Она посмотрела на него.

– Да, помог. Но приложил слишком большое усилие.

– Я не.,. – ему не хватало воздуха. Они уже вошли в дом, и Джон начал подниматься к ней в спальную комнату. – Но и тебе нечего было валяться в снегу. Неужели ты сама не понимаешь?

– Никто и не валялся. Я творила, – усмехнулась Элизабет. – Хотя со стороны, конечно, разницу не сразу уловишь. И мне полезно двигаться. За эту неделю, пока мела метель, я ни разу не выбиралась из дома.

Джон молчал, крепко сжав губы. Дойдя до двери ее комнаты, он ногой распахнул ее и, прикрыв, донес Элизабет до кровати.

Она тут же попыталась вскочить:

– Я такая мокрая. Дай мне сначала переодеться.

– Сядь спокойно! – Джон снял с нее пальто, бросив его на пол, и опустился перед ней на колени. Руки его двигались по ее телу с бережной нежностью, когда он помог ей стянуть плотный вязаный свитер. Свитер упал на пол рядом с паль-то. – Ты посмотри, у тебя даже блузка мокрая! – Он поднялся. – Я сейчас вернусь. Сними ботинки и носки.

Элизабет скорчила физиономию вслед Джону, который направился в ванную. Он как всегда, всем распоряжался сам, но на этот раз она может проявить к нему снисходительность. Может быть, все произошло не по его вине? Может быть, после того, как она посмотрела на него, сердце ее переполнилось таким сочувствием, что не было сил вынести этого? О чем таком он думал, когда на лице его появилось это выражение? Элизабет начала расшнуровывать замшевые ботинки. Они так пропитались снегом, что из бежевых превратились в темно-коричневые. Да, она промокла сильнее, чем ей казалось. Она так радовалась солнцу, хорошей погоде, чистому снегу, что ей и в голову не пришло, что она так быстро промокнет и замерзнет.
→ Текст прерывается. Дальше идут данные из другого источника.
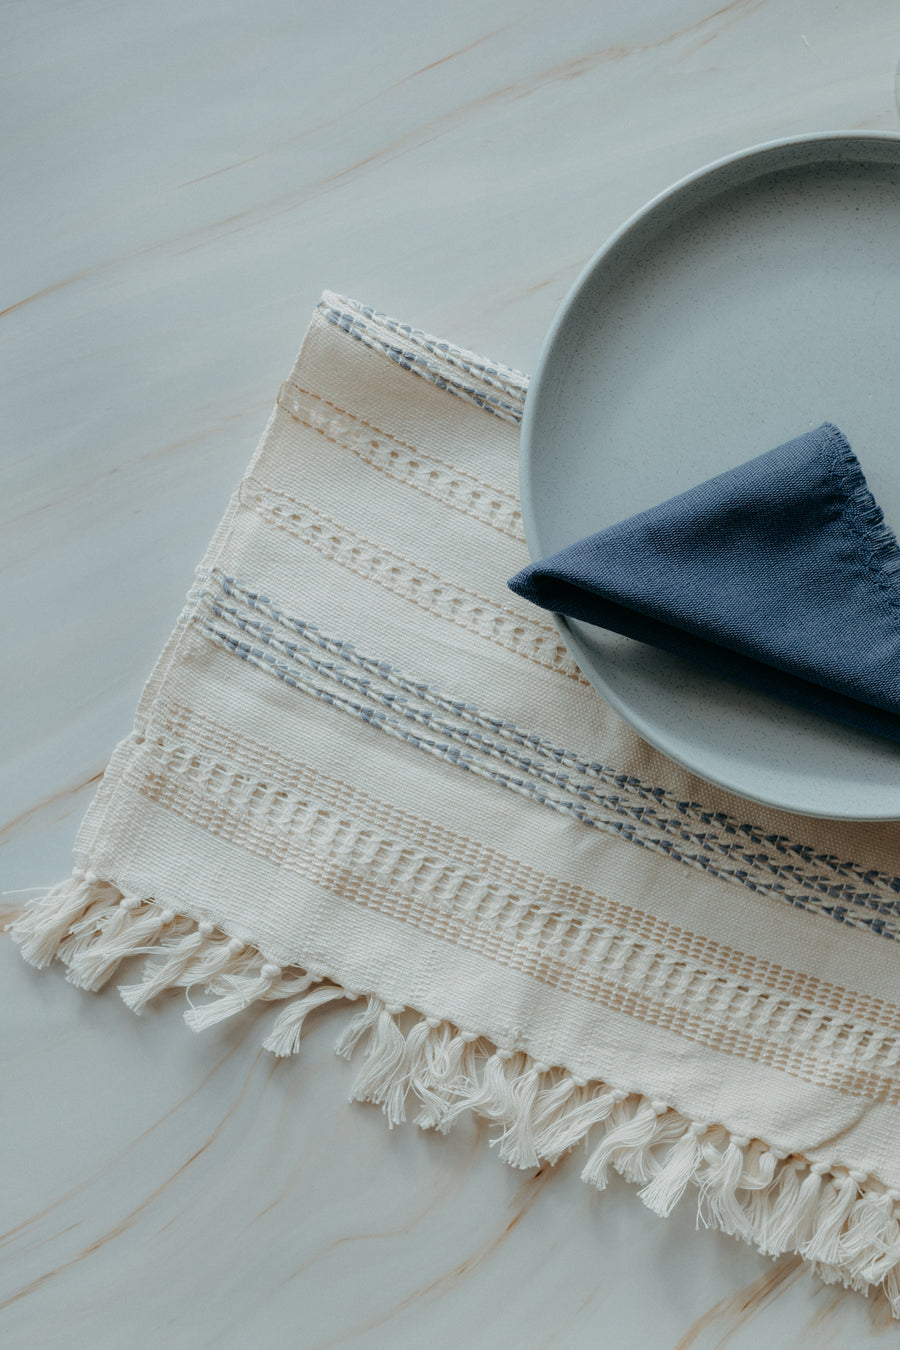 Beige and light blue placemat and blue napkin

Дверь открылась, и Джон вышел из ванной с несколькими перекинутыми через плечо большими полотенцами:

– Я согрел их. Если ты почувствуешь, что все равно дрожишь от холода, придется принять душ.

– Не думаю, что в этом есть такая уж необходимость, – отозвалась Элизабет, удивленно глядя на него.

Он снял теплый просторный халат с крючка и подошел к ней:

– Посмотрим, – снова опустившись перед ней на колени, он принялся расстегивать пуговицы ее блузки. – Поверь, что мне этого не хочется так же, как и тебе. Если у тебя закружится голова, то мне придется пойти в душ вместе с тобой. – Сняв с нее блузку, Джон начал расстегивать лифчик. – Кто знает, чем это может кончиться.

Элизабет как завороженная смотрела на его сильные руки, на его ловкие смуглые пальцы, которые темнели на ее белой коже и нежных кружевах белья. Какие сильные и все же дрожат! Дыхание Джона коснулось ее шеи, и она тоже затрепетала.

– Ты вся дрожишь? Тебе холодно? – Он посмотрел на нее и сказал хрипло:

– Нет, ты дрожишь не от холода…

– Нет, – прошептала она. Жаркая волна растеклась по телу. Порозовели не только щеки. Его пальцы застыли у ее грудей, которые отяжелели, набухли и заныли.

Джон закрыл глаза.

– Не сейчас. Не смотри на меня так. Мне казалось, что я в состоянии держать себя в руках. Но этой ночью… – Глаза его распахнулись, в них горел огонь желания. Неутолимый голод. – Ты не очень хорошо себя чувствуешь. Я не имею права…

– Со мной все в порядке, – Элизабет едва смогла выговорить эту короткую фразу, каждое слово давалось ей с трудом. Как это она могла зайти так далеко за такой короткий срок? То, что она сейчас произнесла, означало приглашение к близости.

Джон в полном отчаянии покачал головой:

– Нет!

– Конечно, сейчас я настолько непривлекательна, – дрожащим голосом сказала Элизабет. – Как гиппопотам…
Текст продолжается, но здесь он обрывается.